Myślę, że tak. w końcu wiele osób zdaje sobie sprawę z tego, ze umiera, czy to z racji wieku czy ciezkiej choroby, czy po jakims wypadku. A przynajmniej ci, ktorzy czytali ksiązki doktora Moody powinni sie domyslić ;)
rak piersi przewodowy inwazyjny i nieinwazyjny, G3, T3N2a, potrójnie ujemny
zajęte 7 węzłów
chemia przedoperacyjna 4 AT 
mastektomia radykalna luty 2012
chemia pooperacyjna 4 TAC
radioterapia

Offline braja

  • Swojaki
  • Wtajemniczona
  • *
  • Wiadomości: 2927
Odp: Madhuvan- Miodowy Las Kryszny
« Odpowiedź #1099 dnia: Marca 28, 2017, 08:01:16 pm »


A wieczorem jakos tak dojrzałam dziwne znamię u mamy na plecach. I co, jaka reakcja? Jak zwykle: "Przecież wiadomo co to jest, miałam tu gazetę. Mam to od bardzo dawna, już za późno"

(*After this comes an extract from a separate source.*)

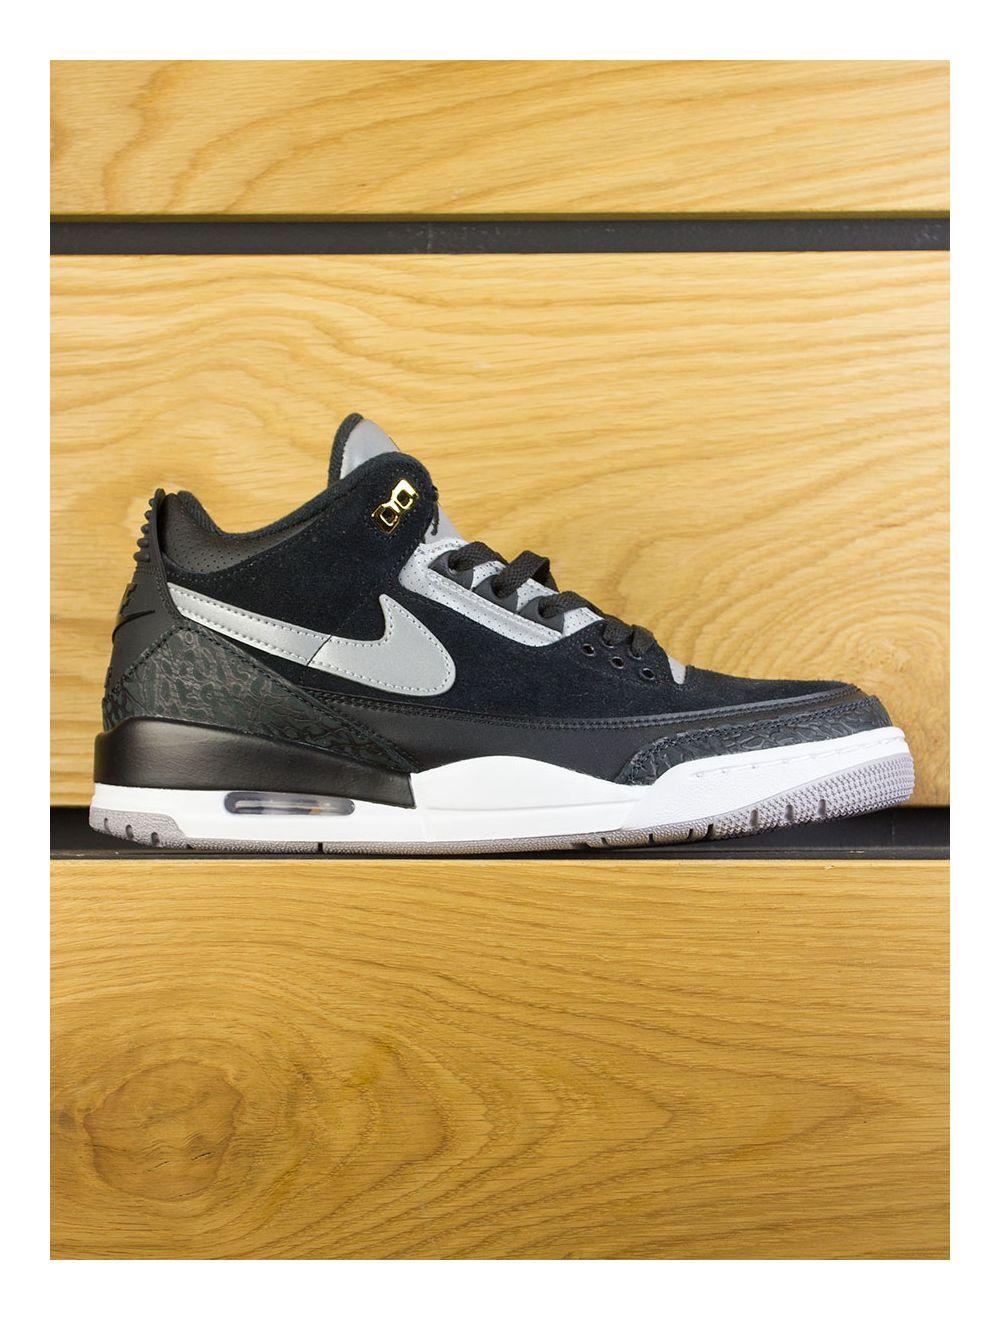 new style 4ab53 67c12 Nike Air Jordan Retro 3 Tinker Hatfield - Black Cement Grey

"No jak za późno, na co za póżno, przecież nawet nie wiesz co to jest?"

"Wiadomo co to jest, już mi nic nie pomoże"

Moja mama wygłasza takie teksty od kiedy pamiętam. Zawsze "miała raka" i "już nic jej nie mogło pomóc". I tak z tym "rakiem" i "zniszczonymi nerkami" i "cukrzycą", których też nigdy nie diagnozowala, dożyła 78 roku zycia.

Tylko, że teraz te neurotyczne teksty już nie brzmią tak smiesznie. W ubiegłym roku diagnozowała "raka płuc" (pali jak smok), ale płuca były czyste. W tym, od czasu gdy cioci sie pogorszyło, mama prawie nic nie je, schudła 16 kg. A znamię wyglada rzeczywiscie paskudnie. Czy istnieje jakis sposób, żeby upartego neurotyka zmusić do pójscia do lekarza?

Nie miałam czasu napisac update`u. dumna jestem z mamy! Poszła w koncu do lekarza, najpierw na wizytę. Mrukliwy doktor pooglądał. "Czy to rakowe?" zapytała. "A co nie jest rakowe, wszystko jest" odburknął. Umówiła się na biopsję. A w miedzyczasie zrobila wreszcie badanie na hormony tarczycy i wyszła nadczynność (chudnięcie wyjasnione, bo chudła jeszcze zanim pojechała do cioci).

Wynik biopsji- rak bazalny skóry. Sie zdziwiłam, bo nie porzestali na wycieciu tylko jeszcze ma prócz tego 5 naswietlań plus maśc z 5 fruoro cośtam. No ale to duze było.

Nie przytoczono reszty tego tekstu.